EXERCISE.
What you return should match the material below line for line, except that no image appears in it.

DATA BELOW.

· · · · · · ·

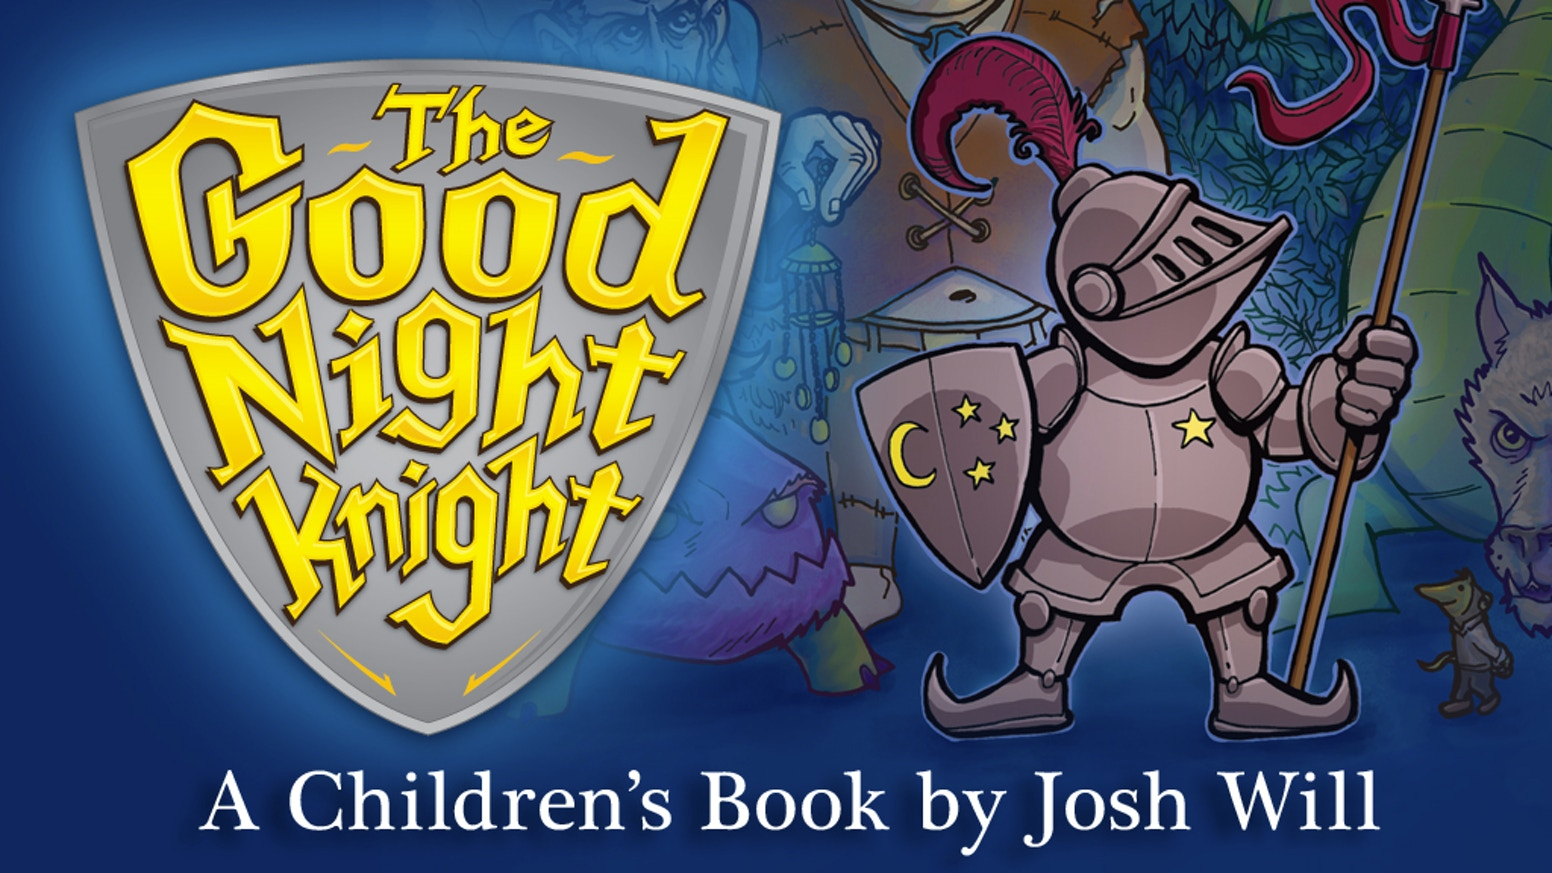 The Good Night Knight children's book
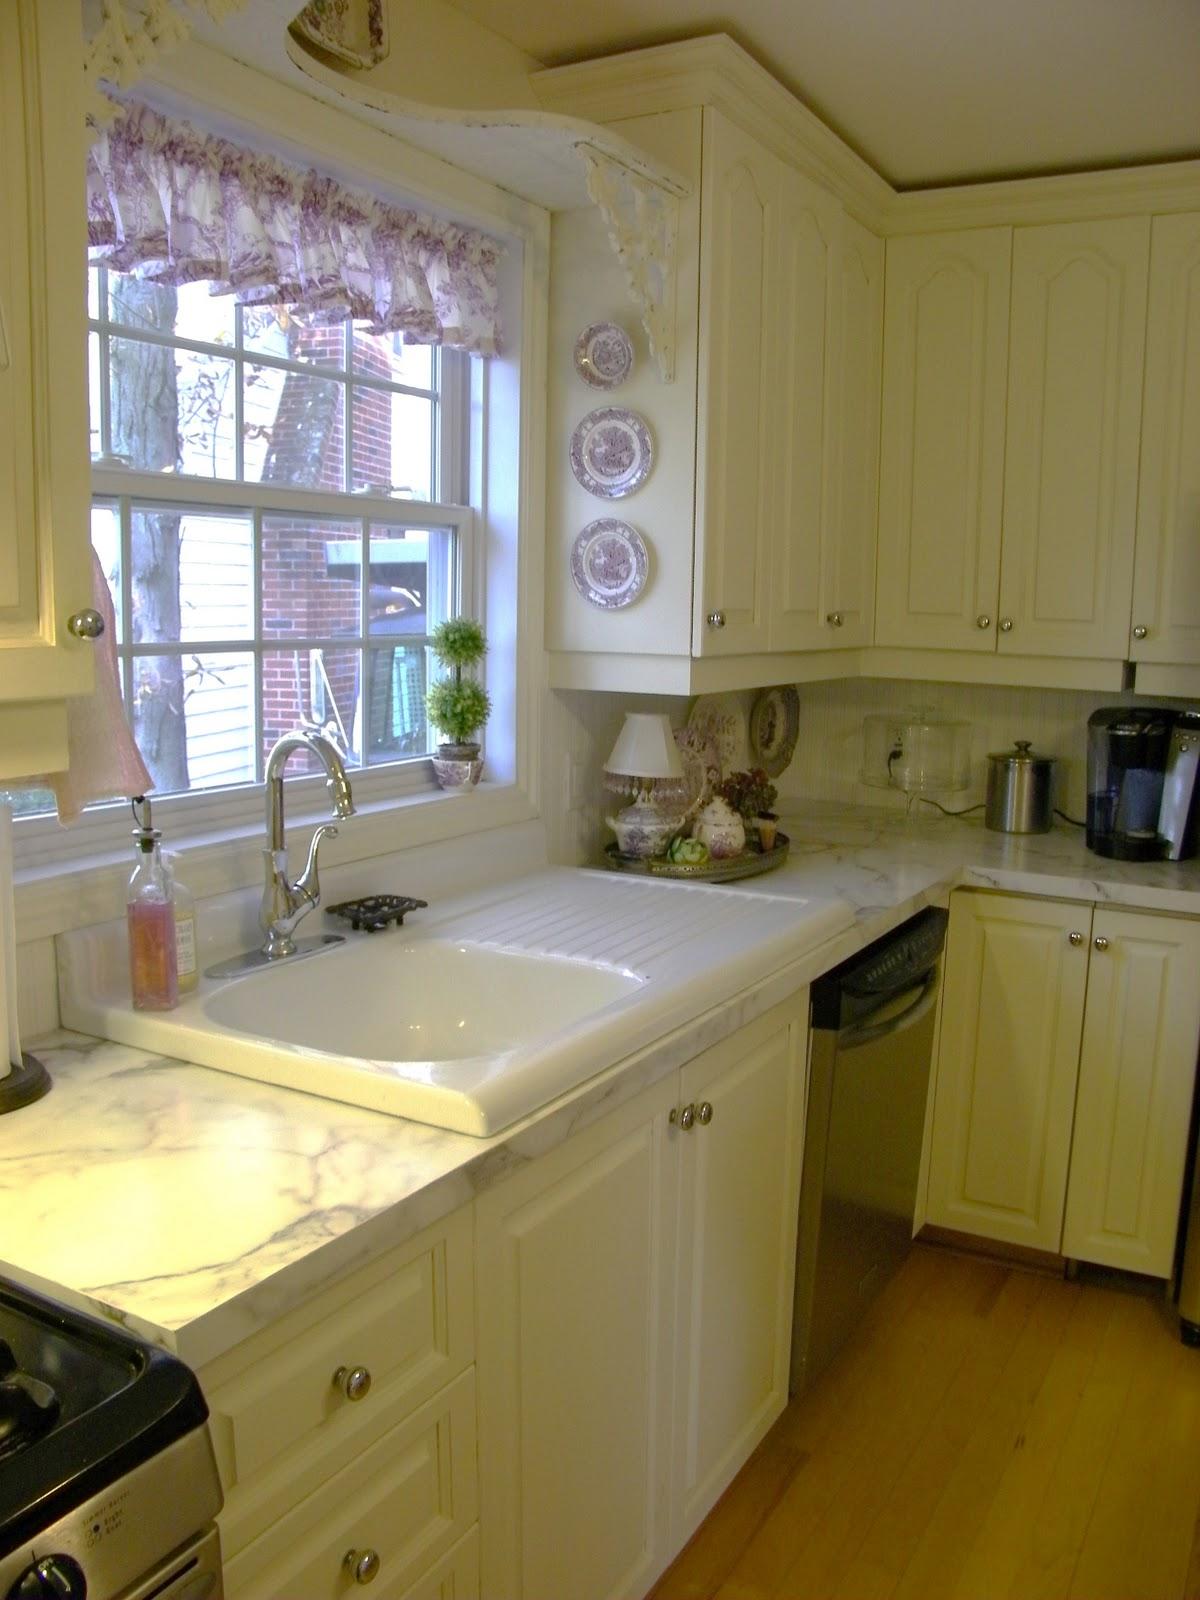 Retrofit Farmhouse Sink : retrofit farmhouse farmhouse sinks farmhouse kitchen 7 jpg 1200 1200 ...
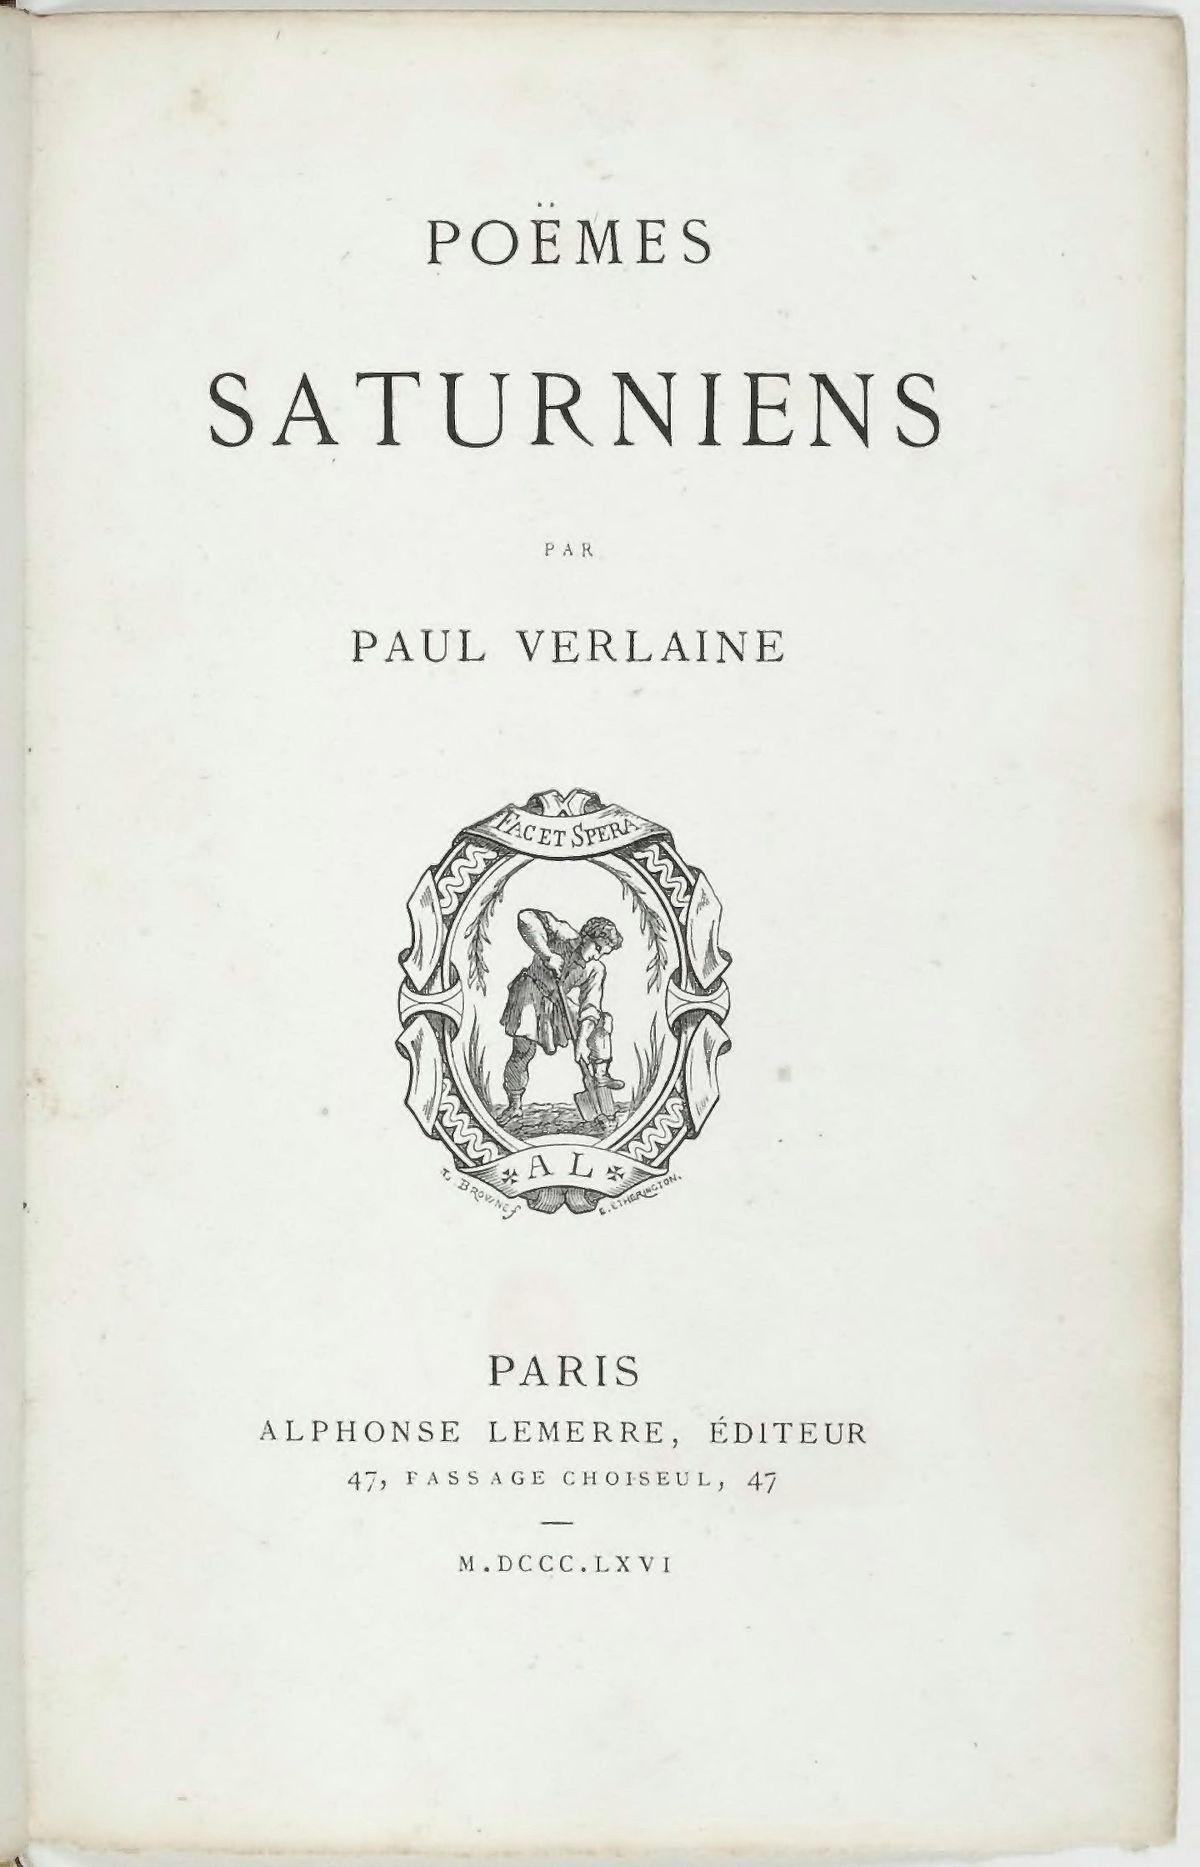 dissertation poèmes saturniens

· · · · · · ·

EXERCISE OUTPUT.
 The Good Night Knight children's book
 Retrofit Farmhouse Sink : retrofit farmhouse farmhouse sinks farmhouse kitchen 7 jpg 1200 1200 ...
 dissertation poèmes saturniens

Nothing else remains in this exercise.